The benefit of connection pooling, is that connections placed in the pool and are used over again so that a new connection does not have to be established, reducing amount of time needed to establish connections.
Also, opening and closing of connections to the database becomes less resource-expensive in terms of CPU and memory.

How connection pooling works

When a connection is first opened, a connection pool is created based on matching criteria that associates the pool with the connection string in the connection. Each connection pool is associated with a distinct connection string. If the connection string is not an exact match to an existing pool when a new connection is opened, a new pool is created. Connections are pooled per process, per application domain, per connection string, and, when integrated security is used, per Windows identity.
Whenever a user calls “open” on a connection with a matched connection string, the “pooler” looks for an available connection in the pool that corresponds to that connection string. If a pooled connection is available, it returns it to the caller, otherwise it will add a new connection to the pool, up to the maximum pool size specified (100 is the default). When the application calls “close” on the connection, instead of closing the connection, the pooler returns it to the pooled set of active connections. Once the connection is returned to the pool, it is ready to be reused on the next “open” call.
When the connection is closed or disposed, it is returned to the pool and remains idle until a request for a new connection comes in. The connection pooler removes a connection from the pool after it has been idle for a long time.
So how does it go in ADO.net? In the following C# code, we will open five connections to SQL Server, but only three connection pools are required to manage them.
SqlConnection sqlcon = new SqlConnection();

    string constring = "Data Source=.\\SQL2k8x;Connect Timeout=5;";

    try
    {
        sqlcon.ConnectionString = constring + "database = DB1;Integrated Security=true";
        sqlcon.Open();   // Pool 1 is created.
        sqlcon.Close();  // connection is closed , returned to pool 1

        sqlcon.ConnectionString = constring + "database = DB2;Integrated Security=true";
        sqlcon.Open();   // Pool 2 is created , another database is used
        sqlcon.Close();  // connection is closed , returned to pool 2

        sqlcon.ConnectionString = constring + "database = DB1;Integrated Security=true";
        sqlcon.Open();   // Pool 1 is Used , same connection string as when pool 1 was created.
        sqlcon.Close();  // connection is closed , returned to pool 1

        sqlcon.ConnectionString = constring + "database = DB1;Uid=sa ;Pwd=password";

        sqlcon.Open();   // Pool 3 is created , SQL authentication account is used even if same database as Pool 1.
        sqlcon.Close();  // connection is closed , returned to pool 3

        sqlcon.ConnectionString = constring + "database = DB2;Integrated Security=true";
        sqlcon.Open();   // Pool 2 is Used , same connection string as when pool 2 was created.
        sqlcon.Close();  // connection is closed , returned to pool 2

    }
    catch (Exception ex)
    {
        MessageBox.Show("Error connecting to SQL server.Message : " + Environment.NewLine +      
                         ex.Message.ToString(), "Error connecting to SQl instance");
        return;
    }
If we query the SQL Server instance to get the number of connections opened, the result returned will be three connections where the program_name column is “.Net SqlClient Data provider”
select * from master..sysprocesses where spid > 50 and spid  @@spid
But, if we are connecting to the same instance and closing the connection directly after using it, why there isn’t one connection pool created?

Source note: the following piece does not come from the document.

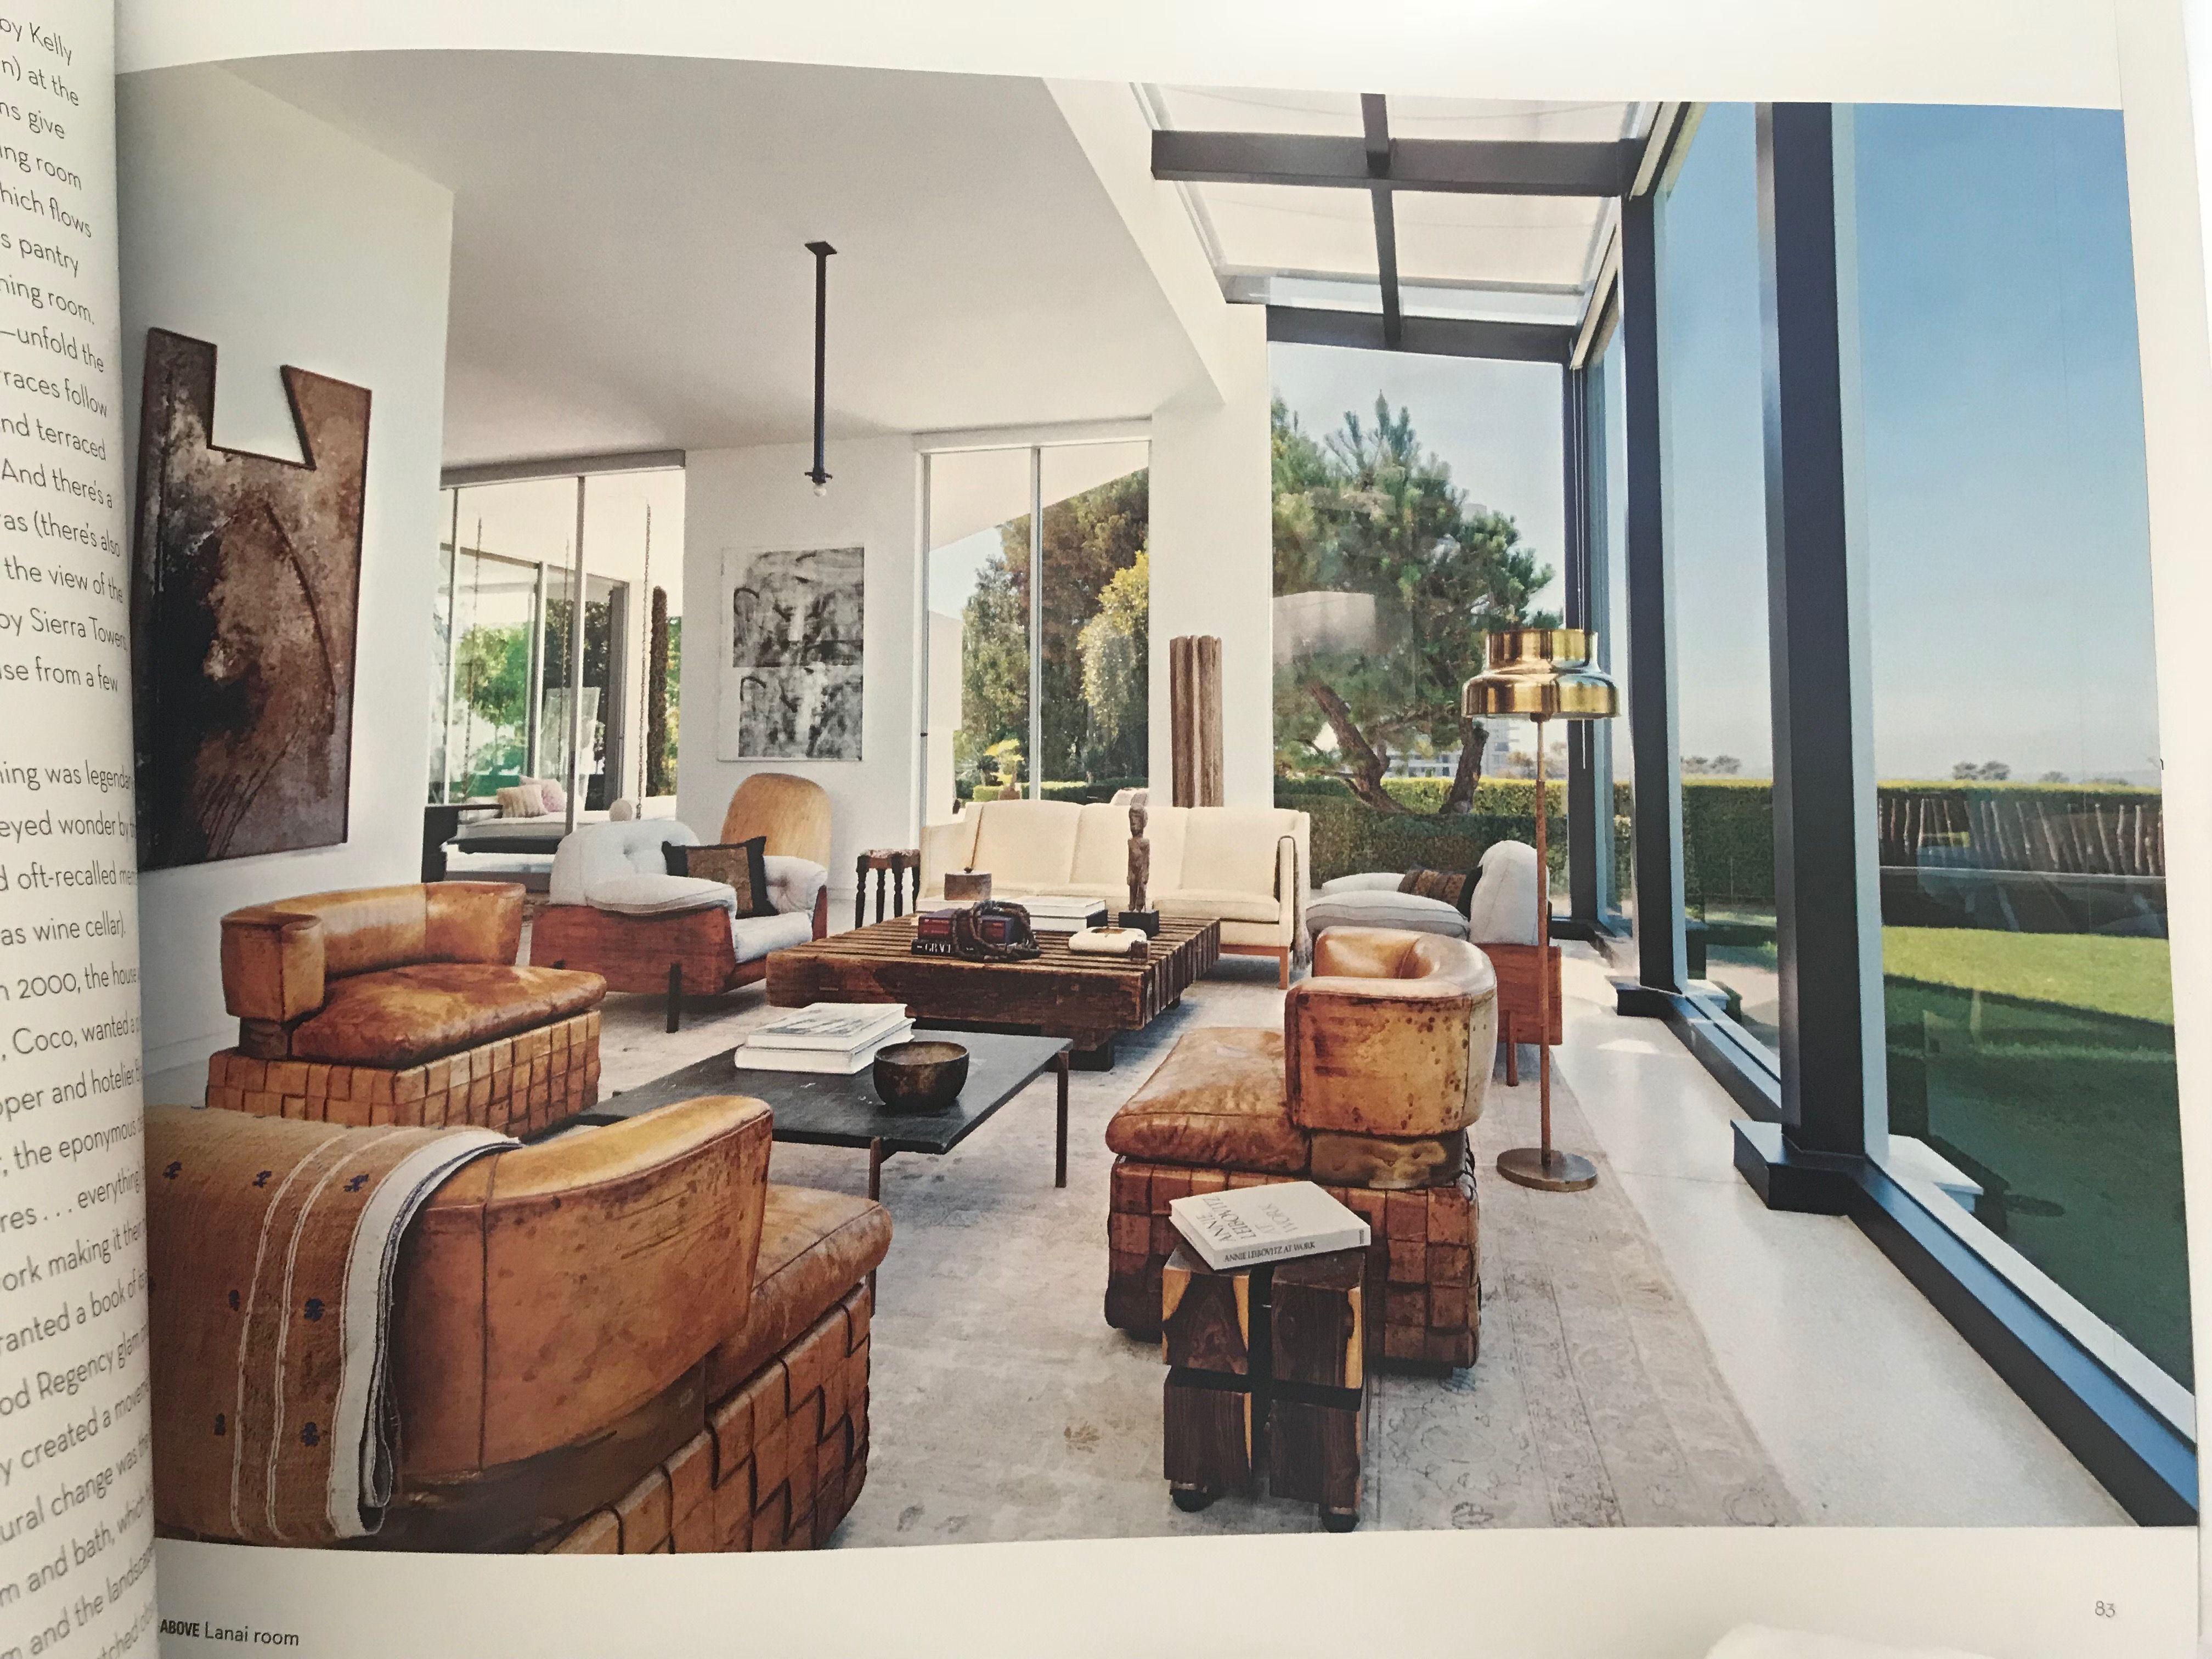 Lanai Room Of The Skouras House Trousdale Estates Tuscan

What causes pool fragmentation?

Since connection pooling is created for each distinct connection string, there will be as many different connection pools as the number of connection strings used, increasing the number of connections opened and number of pools managed.
This can happen under two conditions:
  1. Integrated security is used.Connections are pooled according to the connection string plus the user identity. Thus, if integrated security is used to connect to SQL server, you get one pool per user. Although this improves the performance of subsequent database requests for a single user, that user cannot take advantage of connections made by other users. It also results in at leastone connection per user to the database server.
    This is a trade-off between manageability and logging/auditing, since you may like to use different accounts to connect to the database server to audit activity on the sever based on the account used in the connection.
  2. The instance has many databases.This is significantly the case here. If the application extracts data from many databases and makes explicit calls to them, then there will be a separate pool of connections to each database, thus increasing the number of connections to the server. Fortunately, there is a relatively simple way to avoid this side effect. I’ll get to that soon.
Now I will show a demo of an application that causes pool fragmentation and possible ways to avoid it. I have written it in C# using Visual Studio 2008.
In order to use the application, we need to create ten databases on the instance, each database containing once table. Here’s the code:
DeclARE @i int , @sql nvarchar (500)

select @i=0 

while @i < 10

begin

exec ( 'CREATE database pooling' + @i )

select @sql = ' 
 use pooling'+cast (@i as varchar(20))

select @sql = @sql + '

create table pooltest'+cast (@i as varchar(20))+' ( col1 int) 

'
--print @sql
exec sp_executesql @sql

set @i= @i + 1

end
The application connects to the databases and returns list of tables in each database, besides returning ADO.net connection pooling counters. These counters can also be captured with performance monitor (perfmon) using object “.net data provider for Sqlserver”. The old ADO.NET 1.1 object is called “.NET CLR Data”. Note that counters for the object are created only after making at least one connection, so if you attempted to add them without making any connections, you will find them dimmed.
For more information about these counters, look here: Using ADO.NET Performance Counters at MSDN’s Visual Studio 2005 Developer Center. I have used some of the code at this URL inside the application to display counters.
The application loops and makes exclusive connections to each database
Here is the code that makes connections attempts:
string strSQL = "select db_name() + '  -------  ' + name 'table' from sys.tables"; 

for (int i = 0; i < 10; i++)
{

 sqlcon.ConnectionString = "Data Source=" + server.Text.Trim() + ";DataBase=pooling" + i.ToString() + ";" + "Integrated Security=true;Connect Timeout=5";

 if (checkBox1.Checked == true) // SQL autentication used
    {
        sqlcon.ConnectionString = "Data Source=" + server.Text.Trim() + ";DataBase=pooling" + i.ToString() + ";" + "Uid=" + username.Text.Trim() + ";Pwd=" + password.Text.Trim() + ";Connect Timeout=5";
    }

    try
    {
        sqlcon.Open();
        SqlCommand DBCmd = new SqlCommand(strSQL, sqlcon);
    }
We will connect to SQL server once using integrated security and once using SQL authentication:
Running using integrated security
Here we are going to use integrated security to connect to the instance and make an explicit connection to each database, creating 10 connection pools and 10 pooled connections. See the following image.
conn_pooling_win_user.JPG
Running using SQL authentication
Here application produces a similar result, except for NumberOfActiveConnectionPoolGroups because it is cumulative. We get 10 connection pools and 10 pooled connections, but 20 connection pool groups.
Running . . .
select program_name , hostprocess , nt_username  from master..sysprocesses where spid >50 and spid @@spid
. . . returns 20 connections where the program_name column is “.Net SqlClient Data provider” for which each instance of the application is responsible for 10 connections.
conn_pooling_sql_user.JPG
Note that you can get different counter based on the connections already established on the instance.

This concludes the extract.